Incident report 20250212-20250213

Around 1500Z on Wednesday, some routine maintenance work was taking place on the “procyon” server which hosts the Calpol Matrix server and some miscellaneous other personal services.

Technical details

As part of our ongoing commitment to service reliability, we were adding a redundant copy of metadata to the filesystem on the server. The filesystem is a Linux btrfs filesystem, which previously had its metadata in SINGLE mode. The task was to convert it to DUP mode, where it stores a second copy of each metadata block elsewhere in case one copy is corrupted.

Unfortunately, due to historical space issues on the filesystem, while there was ample free space, it was all allocated to the DATA group, leaving it unavailable for the rebalance operation.

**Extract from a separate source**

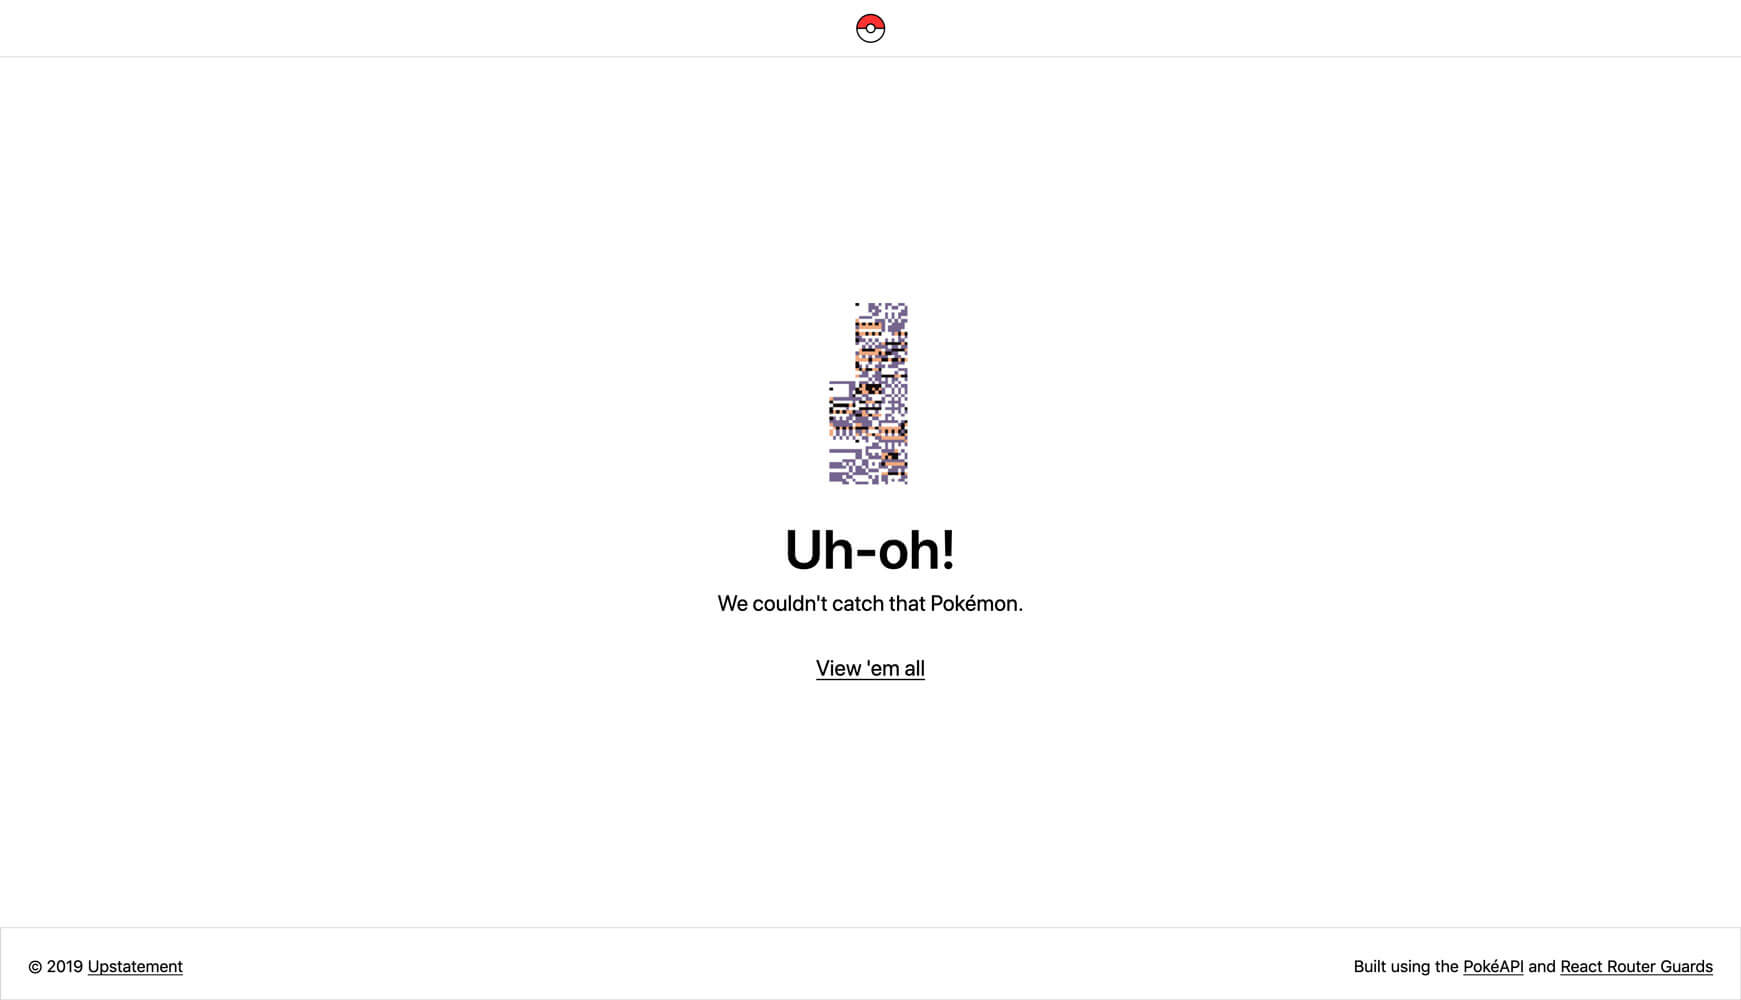 An image of the MissingNo Pokémon appears above text that reads "Uh-oh! We couldn't catch that Pokémon."

As a result, the balance ran out of space, causing the start of the issues.

Timeline

~20250212T1500Z

The rebalance operation is started.

~20250212T1530Z

Server admins noticed that the filesystem had been remounted as read-only due to errors (later discovered to be the out-of-space issue described above). Attempts to remount read-write failed, so the server was rebooted to try to resolve the issues.

The server did not boot, freezing after the bootloader. A ticket was opened with the hosting provider to establish whether this was a wider issue affecting other customers. A swift response eliminated that possibility, meaning that the issues were limited to the “procyon” server.

~20250212T1545Z

Booting from the rescue image at the hosting provider reveals that the issue is the btrfs filesystem running out of space. Initial attempts to resolve the issue are unsuccessful and 3rd-party support is sought from btrfs experts on IRC, which allows us to mount the partition in read-only mode on the rescue image.

~20250212T1600Z

Server admins realise they have to finish their actual paid job so leave the server at the bootloader screen to see if it sorts itself out on its own. Subsequently, other important tasks like cycling home, eating dinner and playing Deadlock with friends mean that little progress is possible.

~20250212T2230Z

With the important other tasks completed, attention can return to the issues on “procyon”. An apparent kernel bug prevents mounting the filesystem in read-write mode to continue recovery, so the decision is made to copy the 80G filesystem to local hardware to fix there. A transfer is initiated to run overnight.

~20250212T2300Z

Server admins go to bed.

20250213T0830Z

The transfer has successfully completed. Unfortunately, the same kernel bug appears to be present on the recovery system so it can only be mounted read-only. The decision is made not to continue to recover this filesystem directly, but to reimage the server and copy the data back from the read-only image.

20250213T1030Z

Filesystem recreated on VPS and transfer of files initiated back from local system.

20250213T1520Z

File transfer completed. Testing reboot into new filesystem.

20250213T1550Z

Successfully booted, system seems to be properly restored with no data loss. May take a while to return to normal.

20250213T1615Z

System rebooted again to complete kernel upgrade, but seems otherwise stable. Declaring this incident resolved. All affected users are entitled to a full service refund and will receive a complimentary month of JoshOps Gold™.